Game Boy Color runs TinyStories-260K transformer natively
260K parameter AI model runs on a 1998 handheld with no internet.
A developer has achieved a remarkable feat of computational minimalism: running a real transformer language model entirely on an unmodified Game Boy Color. Maddie Dreese ported Andrej Karpathy's TinyStories-260K model—a 260K-parameter model originally designed for storytelling tasks—to the GBC's 8-bit Z80-like CPU. The model weights are converted to INT8 precision and stored in bank-switched cartridge ROM (via an EZ Flash Junior flash cart). Because the GBC lacks floating-point hardware, all arithmetic uses fixed-point approximations, leading to considerable accuracy loss. The prompt is entered using the D-pad and buttons via an on-screen keyboard, tokenized on-device, then the ROM runs both transformer prefill and autoregressive generation. The KV cache is stored in cartridge SRAM due to the GBC's tiny 8KB work RAM. Unsurprisingly, inference is extremely slow—seconds per token—and the output is gibberish, but the core forward pass and attention mechanism function correctly.
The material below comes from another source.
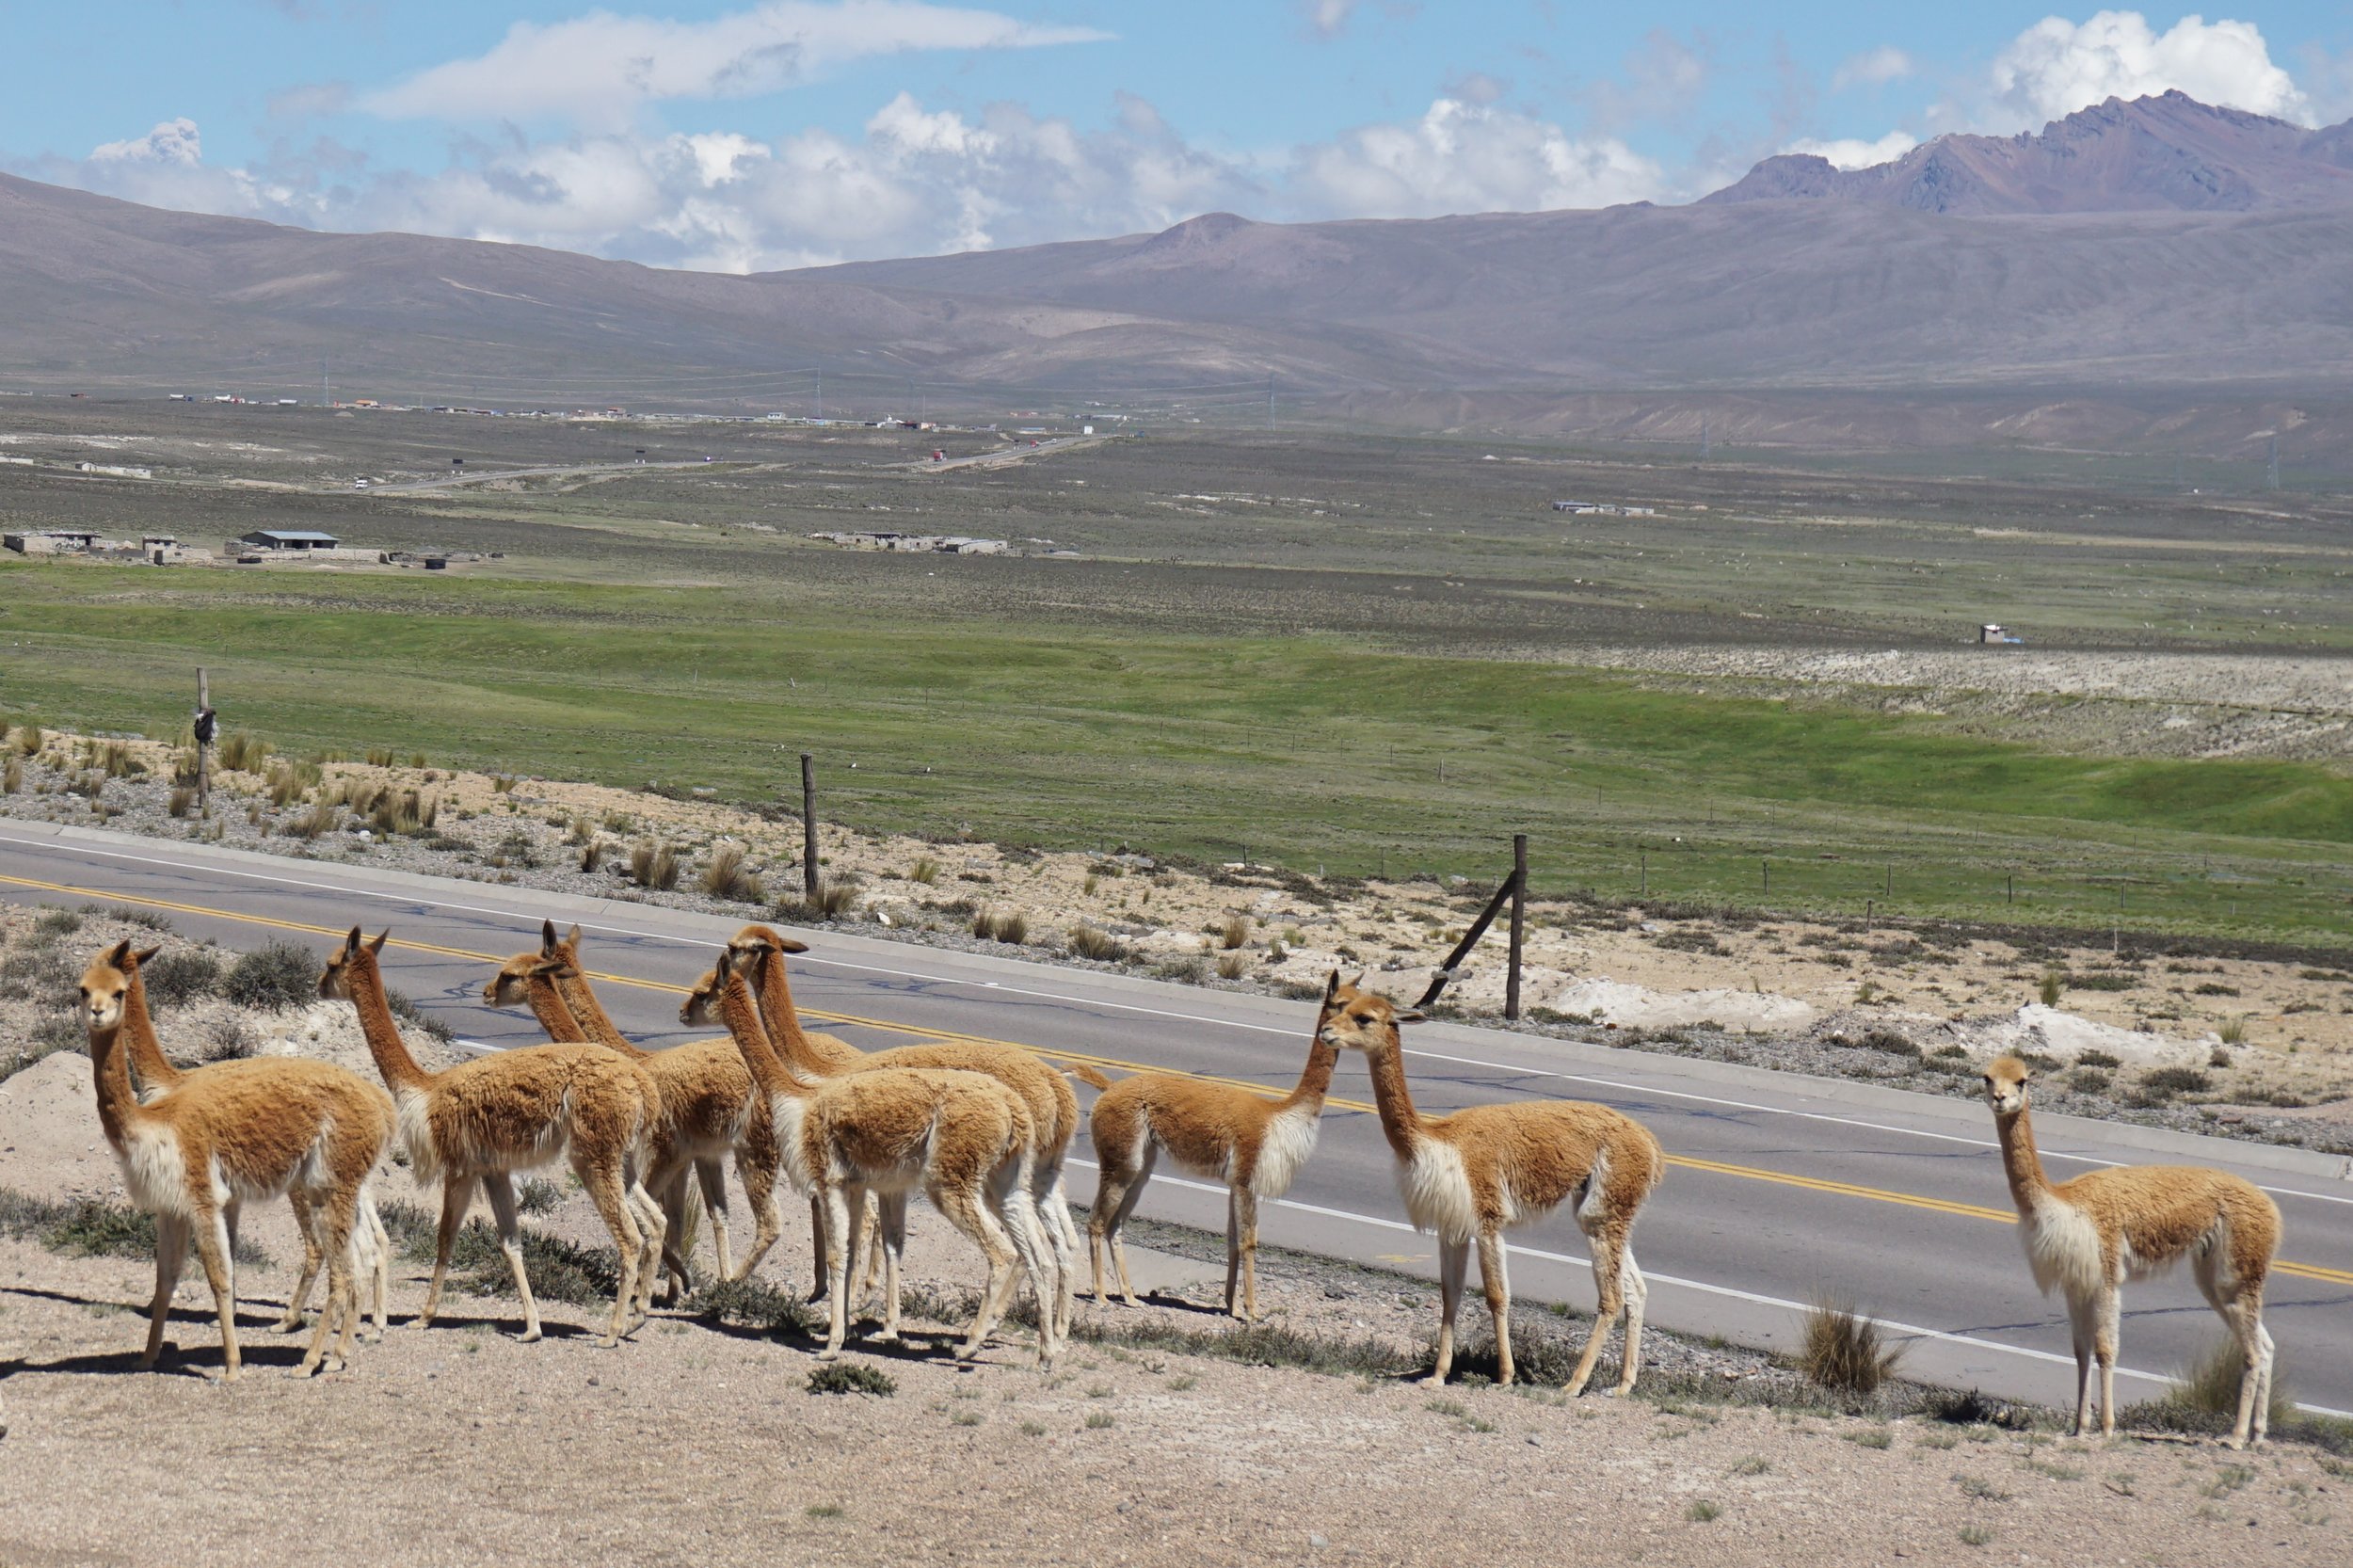  More vicuñas&nbsp;

This project underscores how far AI efficiency has come: a 260K-parameter transformer (roughly equivalent to the smallest GPT-2 variant) can be crammed into a 1998 handheld gaming system with a 4.19 MHz CPU, 32KB RAM, and 64KB addressable ROM space. Dreese used Codex (an AI coding assistant) to help build the ROM, and the source is available on GitHub. While not practically useful, it proves that even the most limited hardware can execute modern transformer architectures with aggressive quantization and careful memory management. The achievement resonates with the retrocomputing and AI-at-the-edge communities, showing that the gap between 'impossible' and 'possible' is often just clever engineering.
- Model: TinyStories-260K, weights converted to INT8 fixed-point math for the GBC's lack of FPU.
- Hardware: Stock Game Boy Color + EZ Flash Junior cartridge; no phone, PC, Wi-Fi, or cloud.
- Performance: Extremely slow (seconds per token) and output is gibberish, but prefill + autoregressive generation works on-device.
Why It Matters
Proves transformer inference is feasible on 25-year-old hardware, pushing the edge of embedded AI.